In this issue, The New Inquiry explores how we attempt to surmount these paradoxes with ever more sophisticated technologies and strategies. In “Solving Happiness,” Jules Evans examines nations’ efforts to take positive psychology from the therapist’s office and apply it to placate citizens en masse. In “The Writing Cure” Melissa Petro recounts the limits and promise of narrative therapy, which urges patients to overcome trauma by telling and retelling their story of self-redemption. And in “The Disconnectionists,” Nathan Jurgenson argues that there is hardly anything therapeutic about the growing “digital detox” movement, which is more about policing our desire for autonomy than protecting ourselves from the evils of digital culture. Jesse Barron’s “Instructions For Young Manhood” gives some helpful advice to young dudes on how to behave in the gym, tracing the links between the cult of the male body and eugenics. Sam Kriss reviews the DSM-V, a dystopian novel in which every form of desire has become an abnormality, every difference an excess to be quashed by medication and mediation. In “Just Friends,” Tom Cutterham investigates how, from Dale Carnegie on, self-help has helped us cope with capitalism’s replacement of friendship with customer service and affective labor.
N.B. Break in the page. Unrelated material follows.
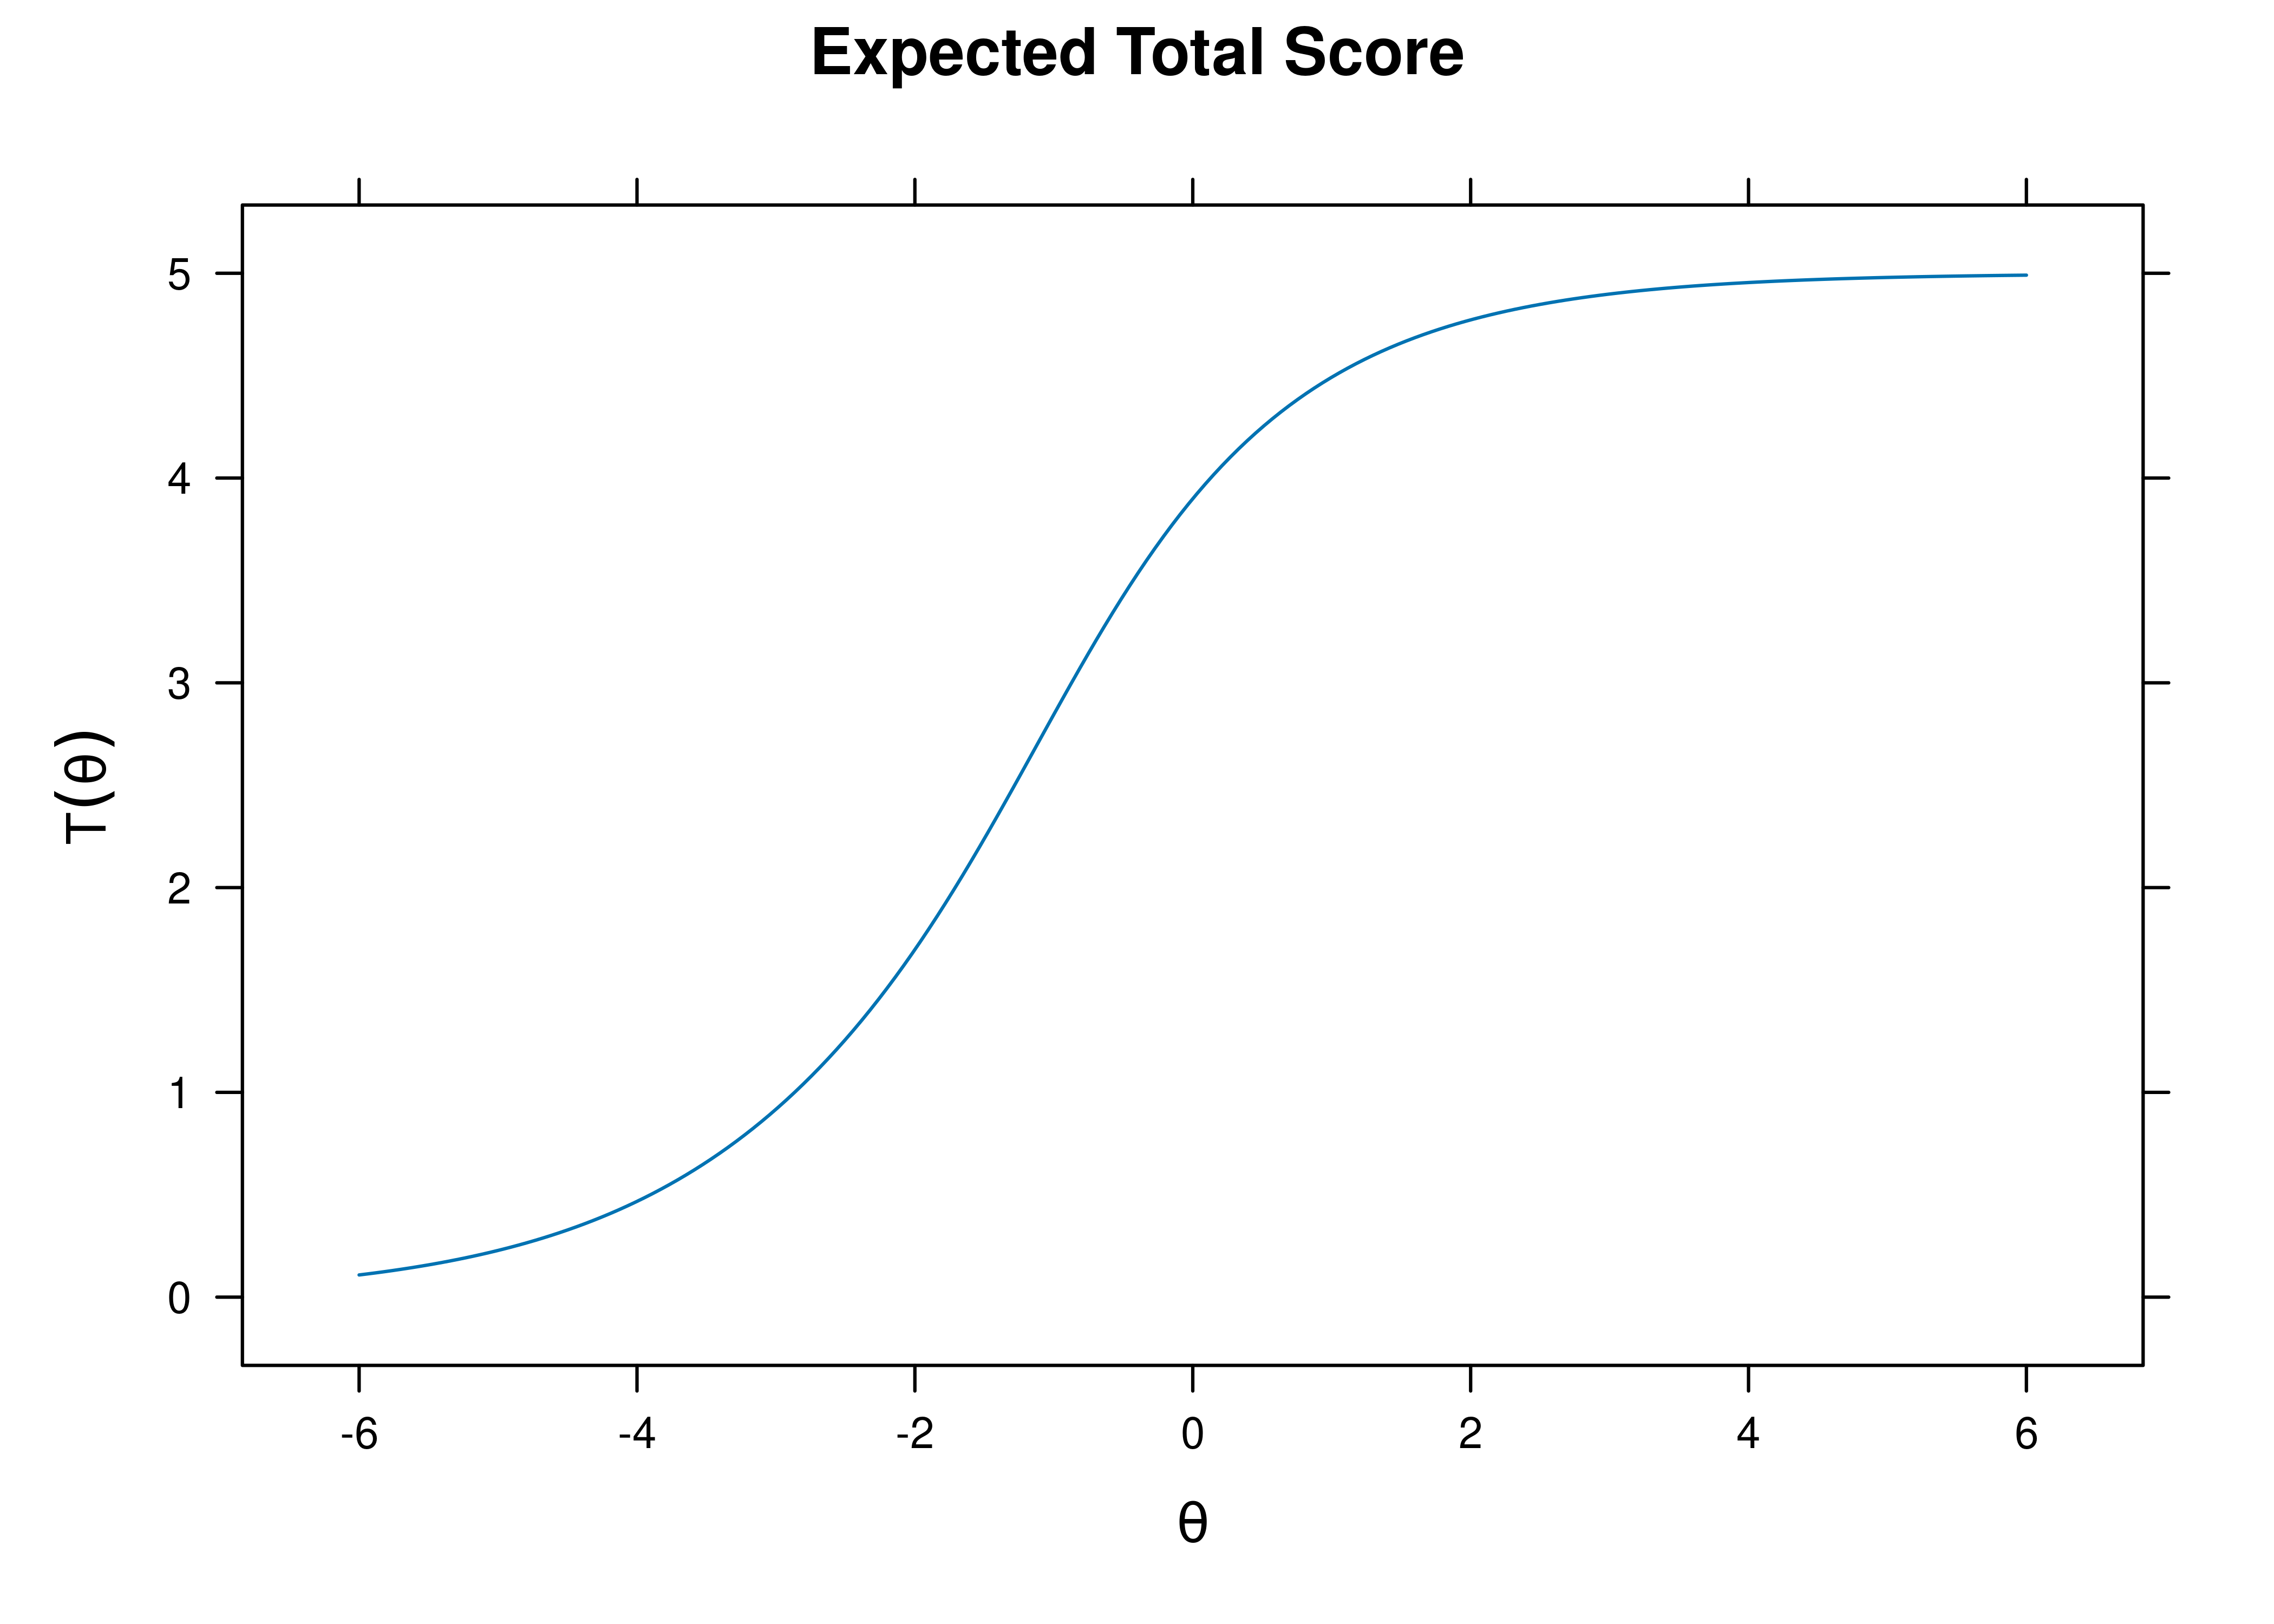 Test Characteristic Curve From Two-Parameter Logistic Item Response Theory Model.

Self-help always suggests that it is you and not society that needs to change. But self-help also touches on sites of potential resistance: rather than be friendly, Cutterham suggests we re-politicize the notion of friendship. In “Data Occupations,” Whitney Erin Boesel defends the Quantified Self movement against its high-profile detractors and finds in it the potential for nurturing Occupy-like pluralism. And in “Placebos and Noisy Bodies,” Miranda Trimmier distributes homemade pills to friends and acquaintances to bring collective belief to bear on physical and emotional healing. Self-help becomes social medicine.
To fix this world, we’re going to need to care for ourselves—self-help is not automatically a species of quietism, and it does not always end in self-blame. The limits of self-improvement need not rest with self-adjustment to survive in a malicious culture where the sense of having been abandoned—by lovers, parents, employers, the state—is endemic. Rather than adjust to a hostile world, self-help can be a matter of seeing that the world is already ours. We’ve built it, against our will, without reward or control. Now we need only help ourselves to it.